Resource group timeout
Problem
It seems like customers are infrequently encountering issues where CI jobs get incorrectly and permanently stuck "waiting for resource" (see: #121715 and #121717). It seems the system can occasionally think a resource group has jobs running, when in fact, there are no jobs running associated with that resource group. This blocks all future jobs in this resource group from starting, and has to the potential to bring all CI pipelines to a grinding halt. The only solution is having Support manually release a resource group.
I'm not sure why this is happening, or whether the underlying issue can be fixed, but as a fallback solution, it'd be nice if resource groups "timed out." I'll caveat this by saying I don't have a deep understanding of GitLab's architecture, so it's hard to describe what I mean with much detail.
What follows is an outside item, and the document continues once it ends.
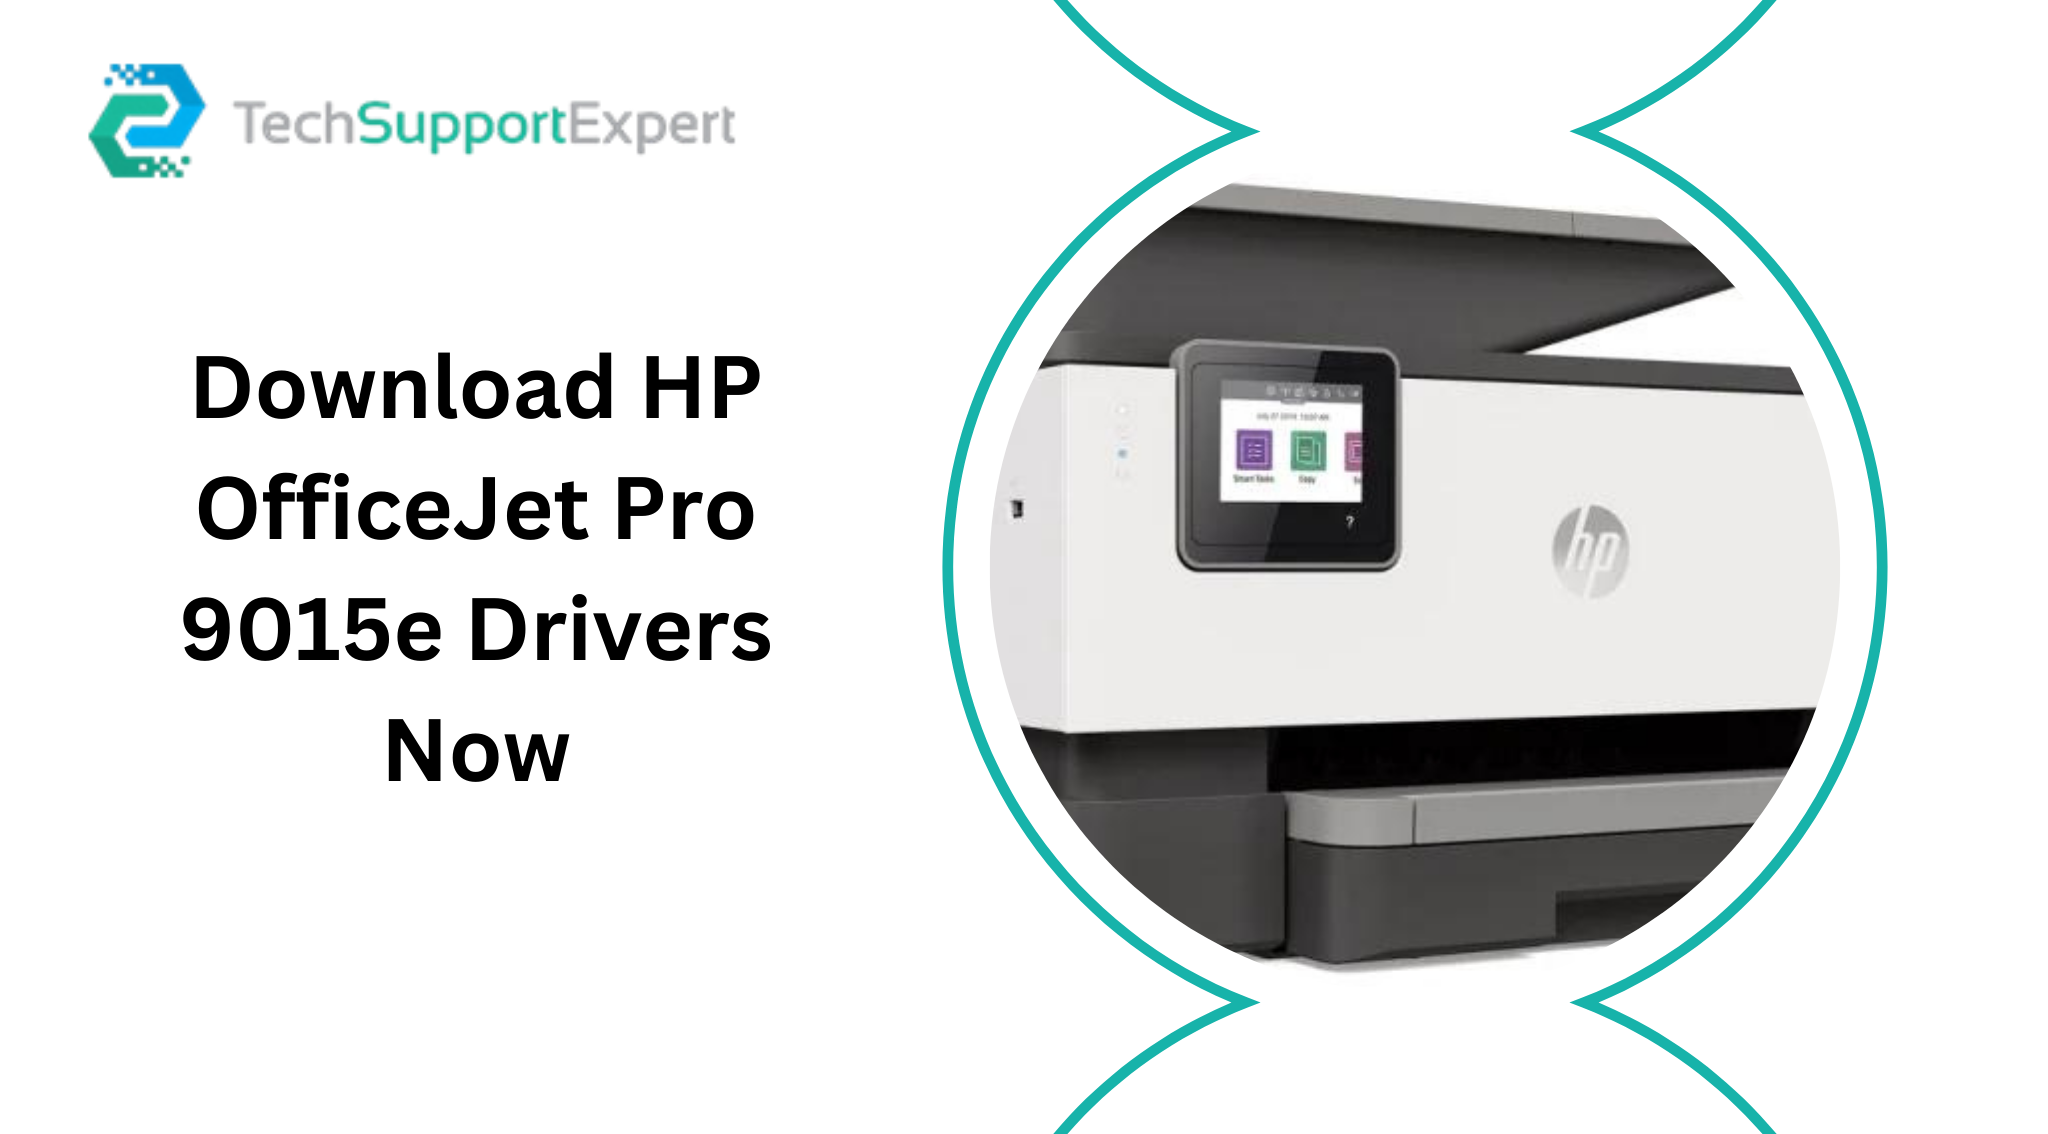 Download HP OfficeJet Pro 9015e Drivers Now

But basically, if a resource group exists for a long enough period of time without any running jobs associated with it, it should time out and be cleaned up automatically.
Functionality like this would potentially solve the pain point customers are experiencing in #121715 and #121717.
This request is similar to #118434, but not the same. (That issue is asking for the job itself to time out, but it wouldn't fix the problem of a phantom resource group blocking future jobs from running.)
Problem details
It seems some of the system failed to process pipeline jobs due to ActiveRecord::StaleObjectError
(i.e. concurrent update).
Proposal
Use Gitlab::OptimisticLocking
to update the pipeline job concurrent-safely:
diff --git a/app/services/ci/resource_groups/assign_resource_from_resource_group_service.rb b/app/services/ci/resource_groups/assign_resource_from_resource_group_service.rb
index dfd97498fc8..055b27ea3c2 100644
--- a/app/services/ci/resource_groups/assign_resource_from_resource_group_service.rb
+++ b/app/services/ci/resource_groups/assign_resource_from_resource_group_service.rb
@@ -10,7 +10,9 @@ def execute(resource_group)
free_resources = resource_group.resources.free.count
resource_group.upcoming_processables.take(free_resources).each do |processable|
- processable.enqueue_waiting_for_resource
+ Gitlab::OptimisticLocking.retry_lock(processable, name: 'enqueue_waiting_for_resource') do |processable|
+ processable.enqueue_waiting_for_resource
+ end
end
end
# rubocop: enable CodeReuse/ActiveRecord